Interfaces are everywhere 

“I'm on the fundamental side of characterising interfaces, which is why I work with a lot of different fields. There are experts for friction, there are experts for materials, but there is always someone who looks at the surfaces and interfaces and develops methods. From my personal perspective, we research a lot on how these materials survive harsh environments like electrolysis, if they degrade, and what these mechanisms of degradation are.”

Whilst this sounds abstract at first, he then breaks it down: wherever there is a surface, it will always meet another medium. When a solid meets a liquid, the interface suddenly becomes a stage for friction and wear, for adhesion and the tiny interaction forces that decide whether two surfaces slide smoothly or grind themselves apart. The abstract notion of “interfaces” quickly turns into a tour through very concrete industrial problems. Their collaboration with Voestalpine, an Austrian steel manufacturer, focuses on ultra‑high‑strength steels, a tempting lightweight alternative to aluminium because they can be made extremely thin without losing strength. But these “super strong” steels become brittle when exposed to hydrogen. Here, instead of measuring their mechanical properties, the research focuses on how hydrogen actually crosses from the outside into the material and how that process can be slowed or even stopped.

Data-intensive methods

“Depending on which technique we are talking about, it can be 5 to 10 gigabytes per experimental day. That is a lot – more if it involves video with high framerate. As soon as you have images, it goes up, and it's very hard to compress many of our images, because you want to go back and look at details, and if you compress them out, you can't see many things that you would want to see.”

Valtiner’s institute uses atomic force microscopy (AFM) at solid-liquid interfaces to follow, almost atom by atom, how molecules arrange and move on a surface with extremely high spatial resolution. At vacuum interfaces, colleagues can even resolve individual atomic orbitals, turning abstract quantum objects into topographical images of the surface landscape. Imaging techniques - especially when videos with high frame rates are involved - can easily produce five to ten gigabytes per experimental day. By contrast, spectroscopic methods like X-ray photoelectron spectroscopy (XPS) produce countless individual spectra that are tiny in size, often just simple two-column datasets, but they accumulate into large series of measurements that have to be organised, stored and interpreted as carefully as the images themselves.

Challenges in sharing proprietary formats

"Most of the papers that come out of our department say data will be made available upon reasonable request on the repository – but we are setting up to do this differently in the future. But this takes time, of course, because we have a lot of different instruments, and some have proprietary software to even handle the data, and then without this software, it's a completely useless data anyway."

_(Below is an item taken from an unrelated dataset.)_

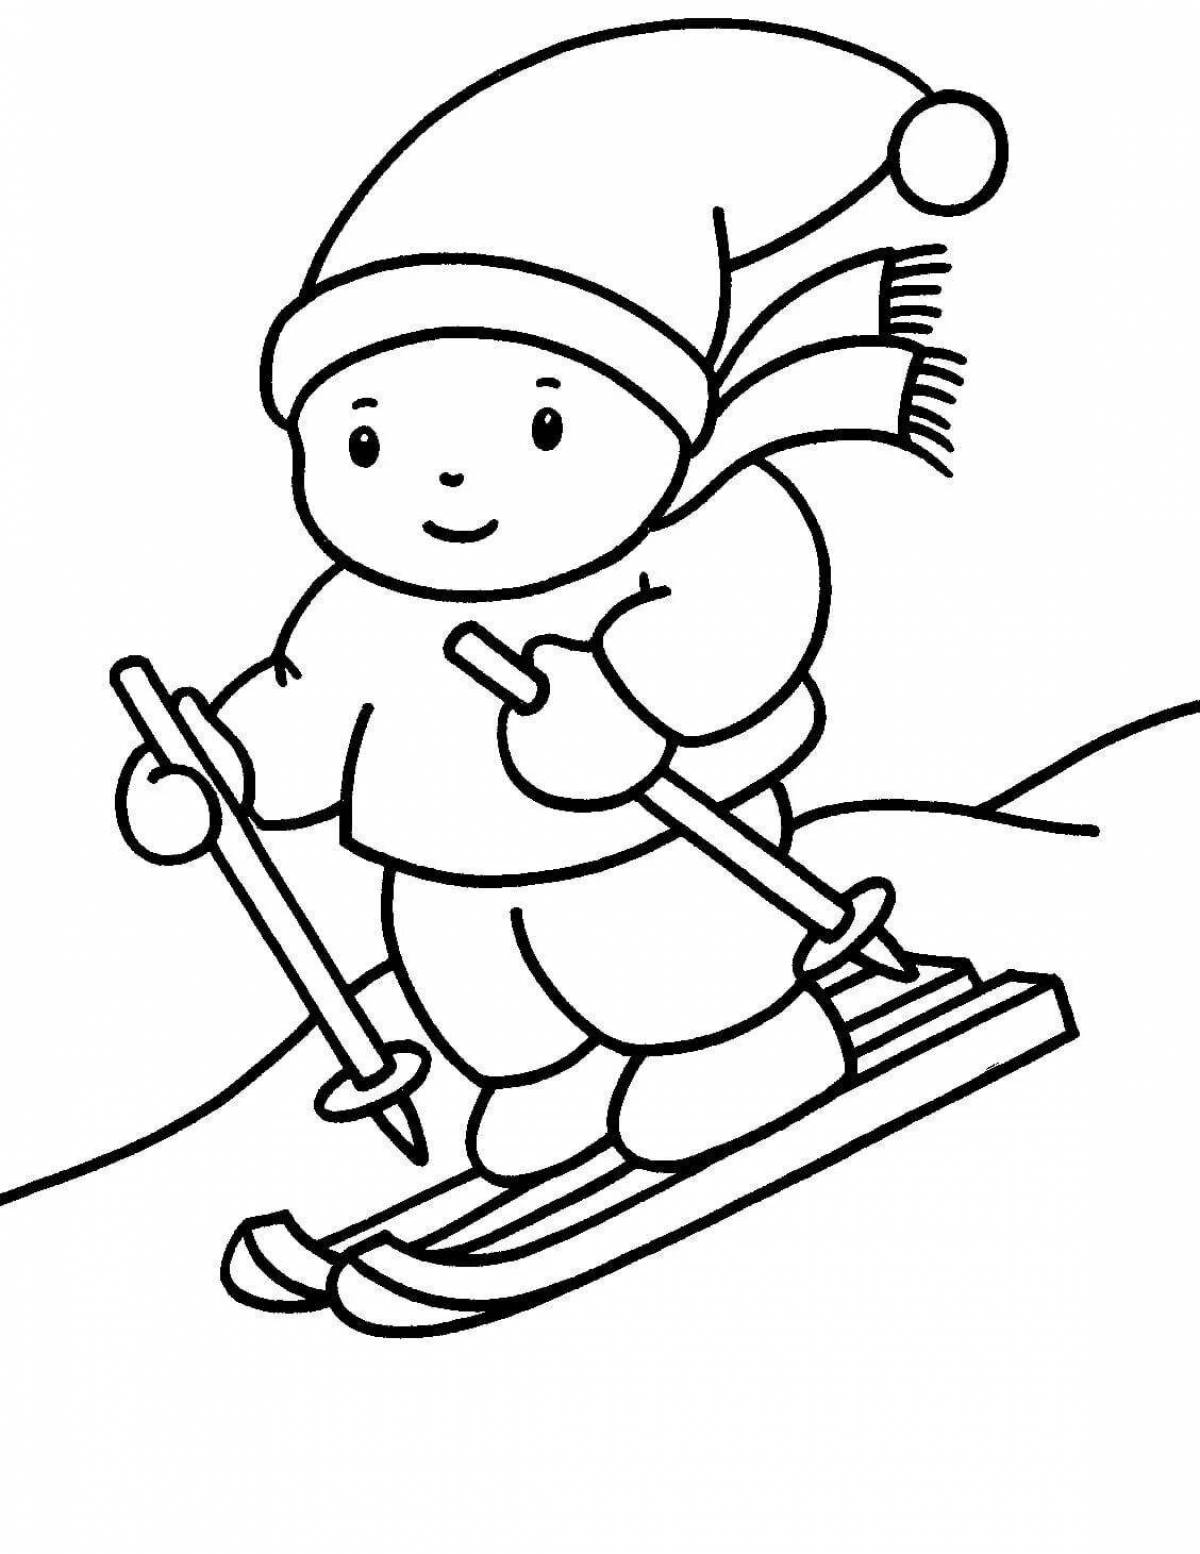 Праздничные лыжи для детей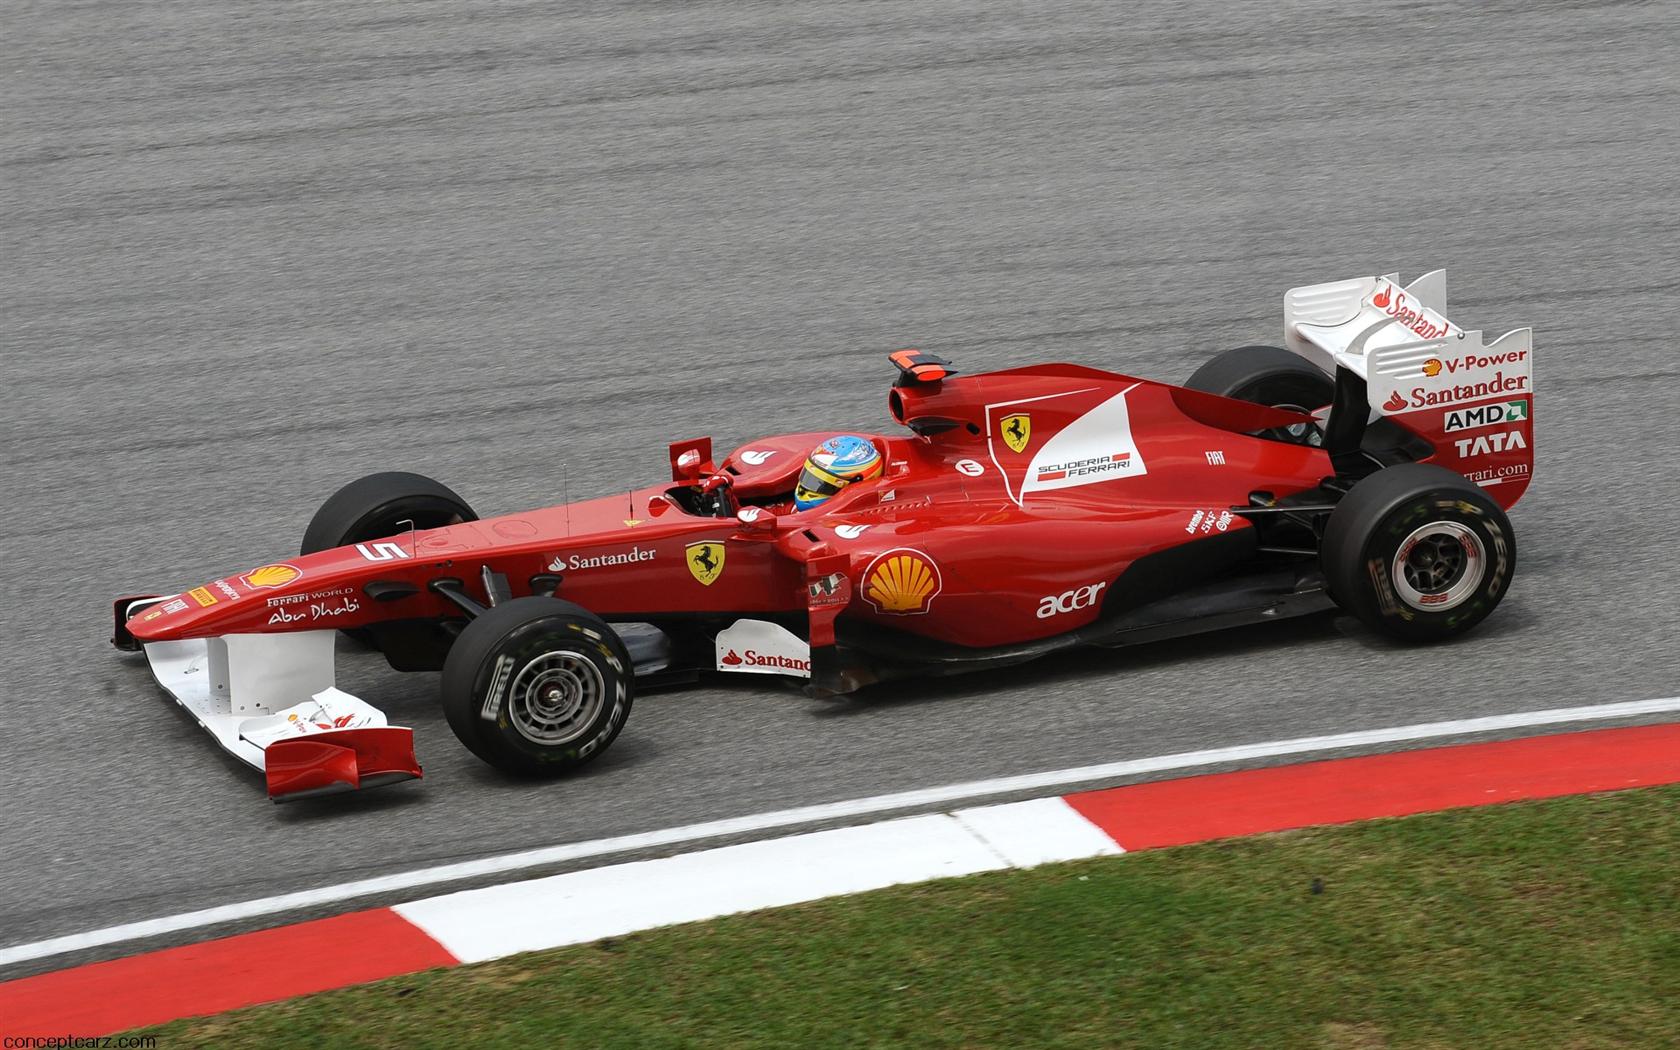 2011 Ferrari 150° Italia Images. Photo Ferrari-F1-150-Image-017-1680.jpg

Valtiner explains that data storage starts with an institutional RAID server, offering redundancy across eight drives where up to three can fail without total loss – though last year’s failure tested that limit, requiring professional recovery that worked but ate up time. Sharing data remains a work in progress, since transitioning to open access lags due to proprietary instrument software that locks data into unreadable formats. To automate data flows, Valtiner’s team converts proprietary formats into open, machine-readable structures - either by exporting through vendor software when possible or evading the formats with custom scripts from a dedicated specialist. The goal is a seamless pipeline: data captured automatically, fed into self-built open-source analysis tools, and versioned on GitLab via Jupyter notebooks.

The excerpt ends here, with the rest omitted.